Nun fand die ADR überraschend einen Verbündeten. Anfang Mai veröffentlichte der Handelskammerverein Idea eine Broschüre Est-il venu le moment de fiscalement rompre ? Sie befasst sich mit der Individualisierung der Einkommensteuer. Als Verfasser hatte Idea nur Autorinnen und Autoren ausgewählt, die gegen die Individualisierung schrieben: „[C]ette réforme n’est pas nécessaire“ (S. 60). „[I]l ne semble ni souhaitable, ni attendu, que soit osé le grand bouleversement“ (S. 87).

Zur Rechtfertigung ihrer Ablehnung werden die Handelskammerleute antiliberal: „[À] quoi bon adopter l’imposition individuelle – qui plus est dans un monde déjà largement empreint d’individualisme ?“ (S. 72). Im Tonfall der ADR warnen sie vor einem „coup de canif“ gegen „le foyer comme un des fondements, parmi les plus solides, de la société“ (S. 70).

Am Ende vergleichen sie den christlich-sozialen Finanzminister mit einem honorigen Anarchisten: Gilles Roth wolle „réaliser le rêve de Mikael Bakounine d’,abolition, non de la famille naturelle, mais de la famille légale, fondée sur le droit civil et sur la propriété‘“ (S. 108).

Die Unternehmer werden sentimental.

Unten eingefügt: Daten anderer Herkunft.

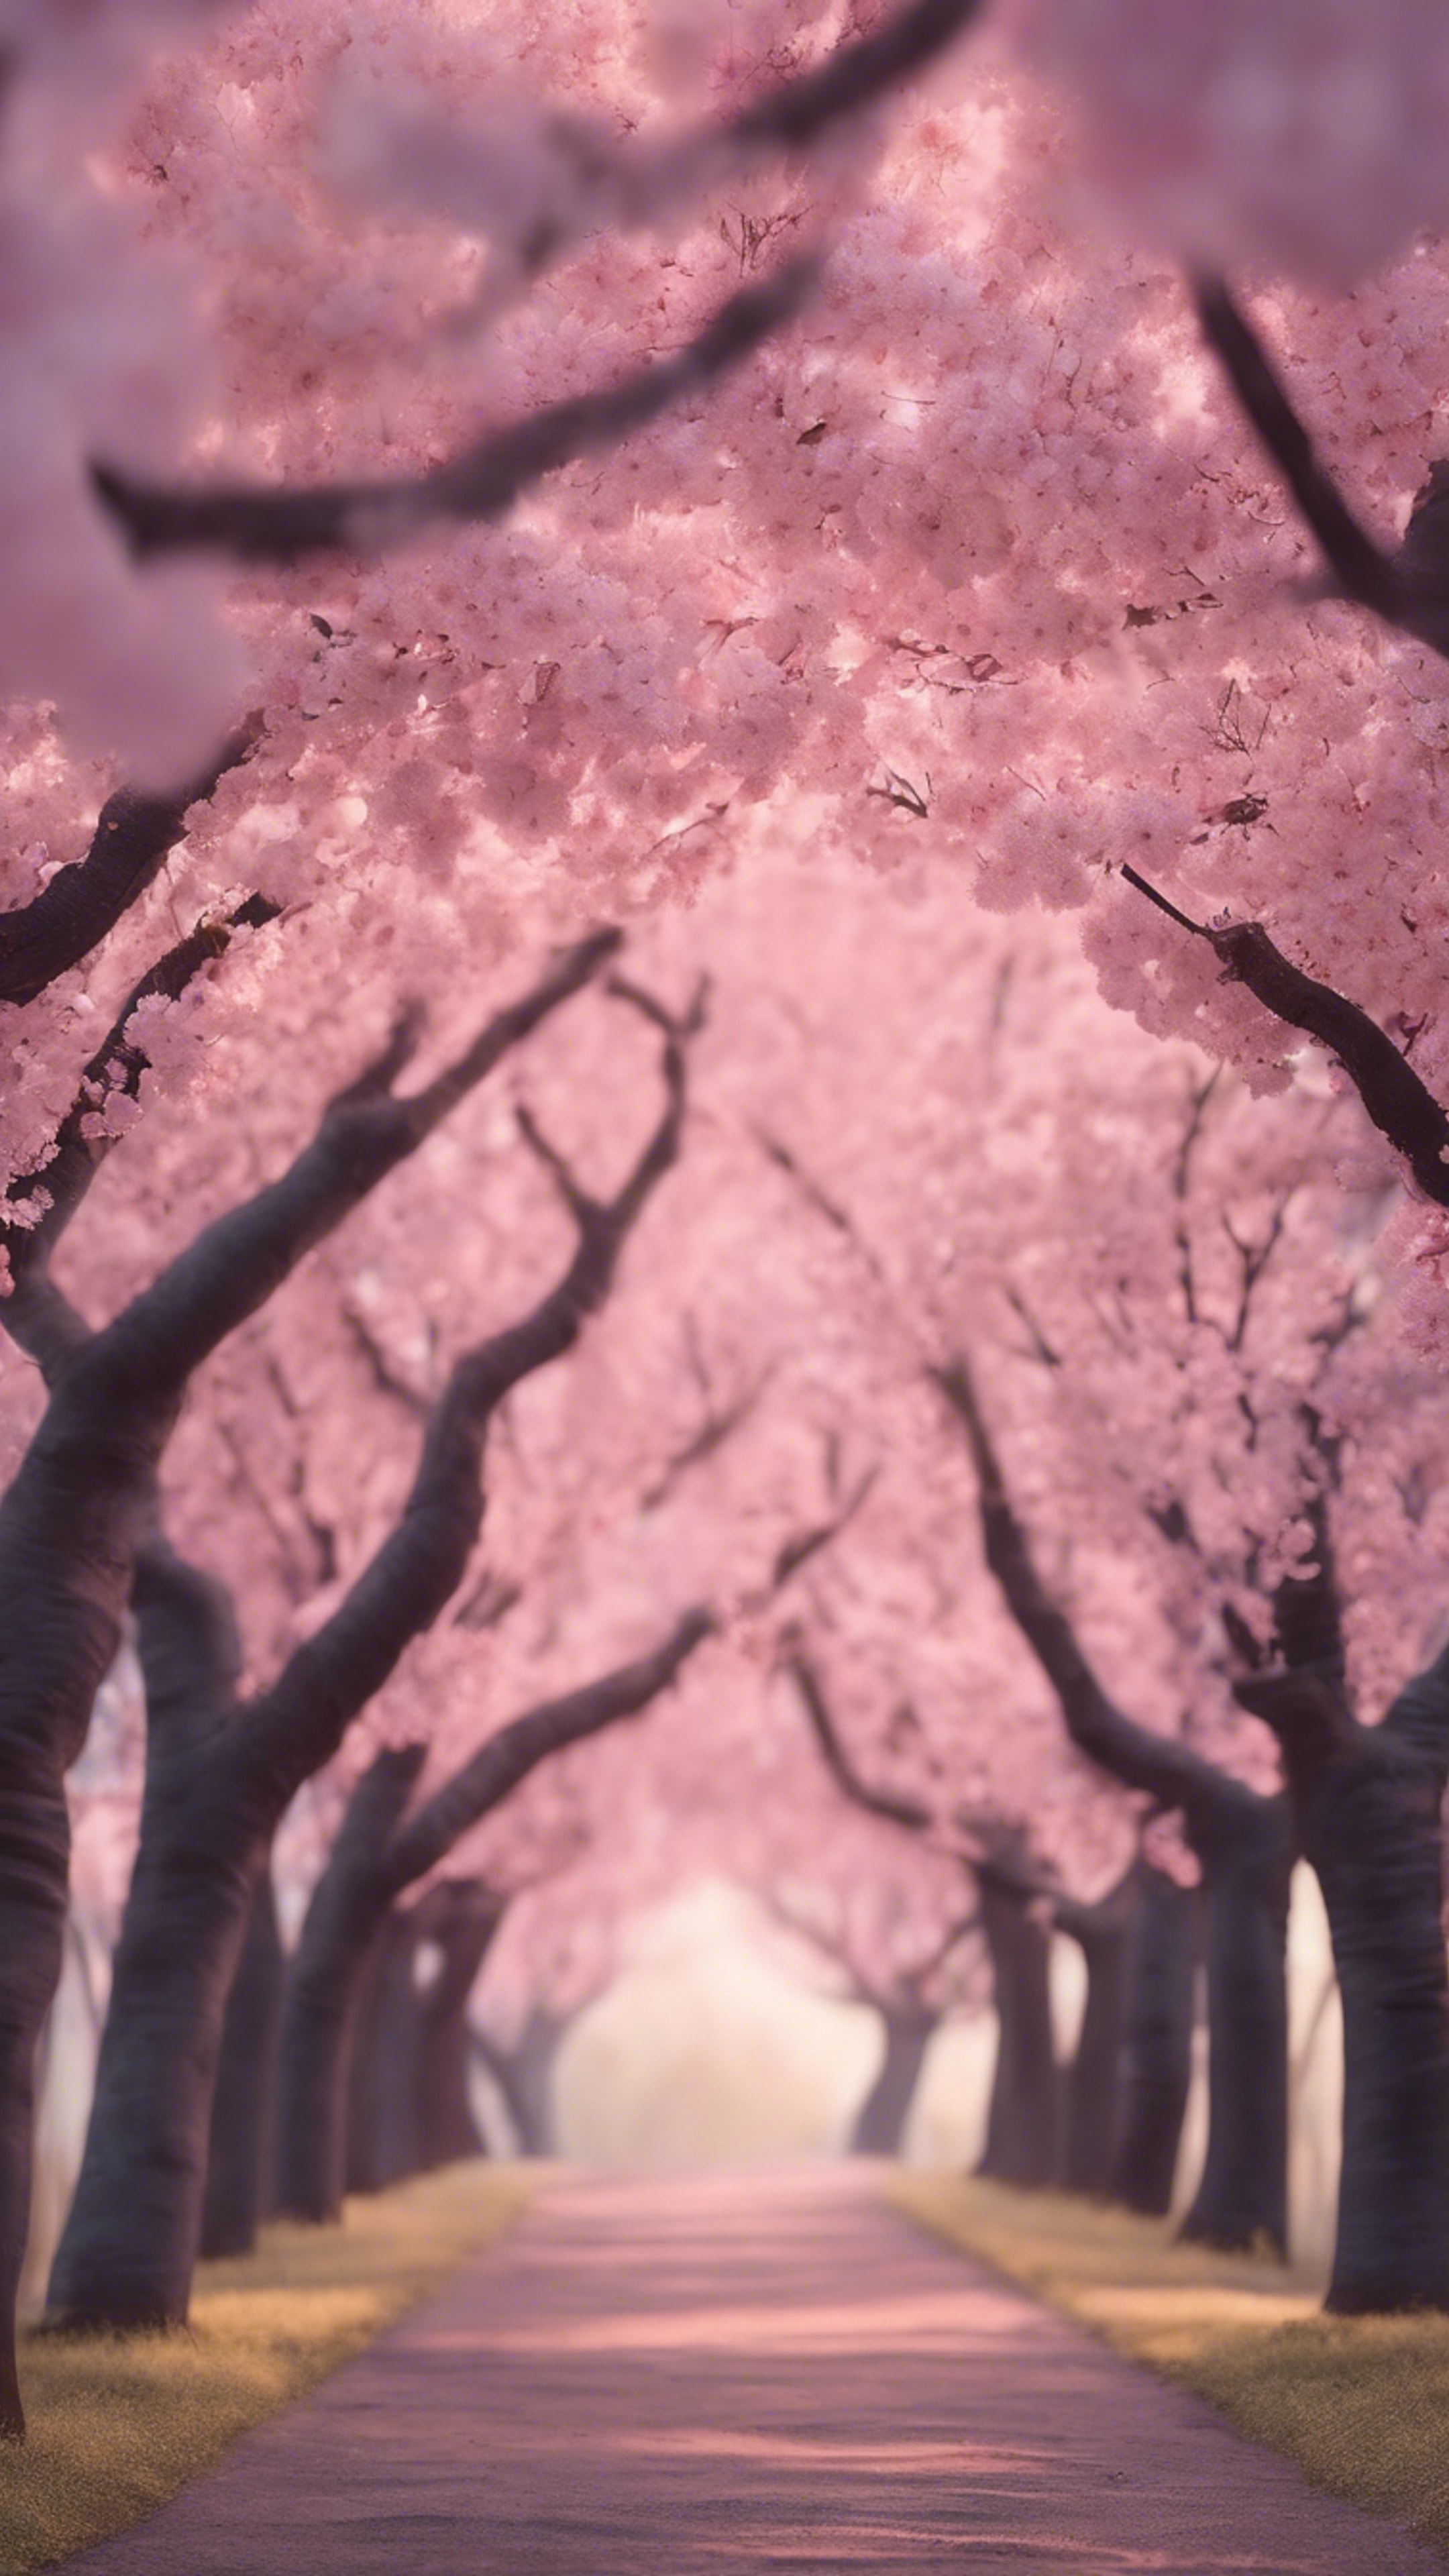 A magical dream landscape of a soft pink cherry blossom avenue under a romantic dusky sky. Hình nền[c79f6cc44b0c40cf871b]

Sie fürchten, dass die Reproduktion der Arbeitskraft teurer wird. Sie mehr Brutto zahlen müssen. Wenn manchen Ehepaaren weniger Netto vom Brutto bleibt. Anders als die ADR werfen sie CSV und DP vor: „[C]ette réforme semble globalement incohérente dans le projet fiscal libéral de l’accord de coalition“ (S. 59).

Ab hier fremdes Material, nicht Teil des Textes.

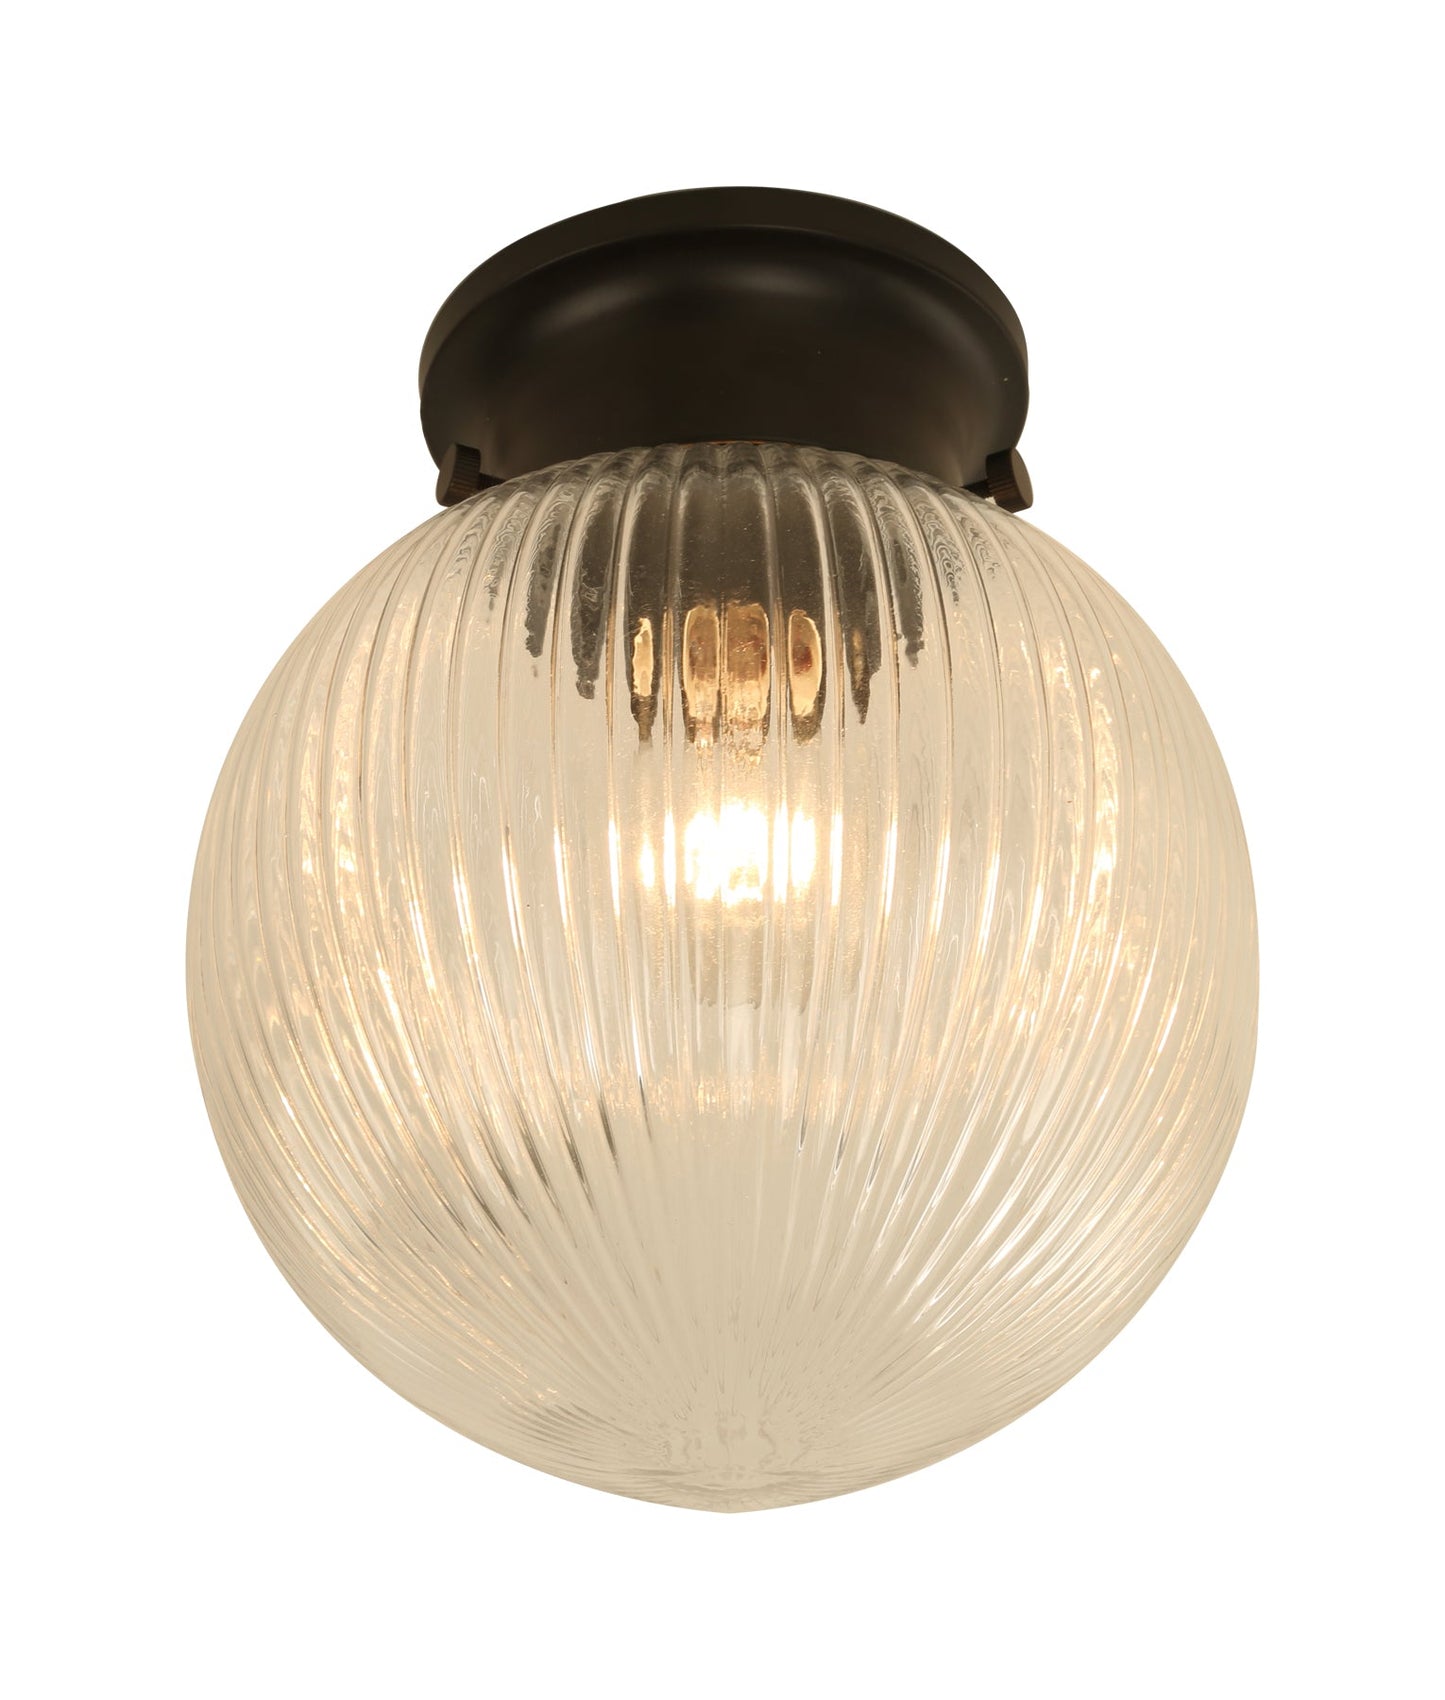 D.I.Y. Batten Fix Ceiling Lights - Large Spherical Ribbed Shape Fixtures

Nun wolle die Regierung die Wähler für die Individualisierung der Einkommensteuer gewinnen. Sie versuche, „de les séduire, voire de les corrompre, par de futurs mirages budgétaires“ (S. 108). Gemeint ist der inzwischen auf 800 bis 900 Millionen Euro geschätzte Brutto-Steuerausfall. Die Steuersenkungen für Junggesellen kommen vor den Wahlen. Die 900 Millionen sollen die Steuererhöhungen für Ehepaare bis nach den Wahlen aufschieben. Die Handelskammer sähe es lieber, wenn die „mirages budgétaires“ statt der Wähler die Unternehmer korrumpierten.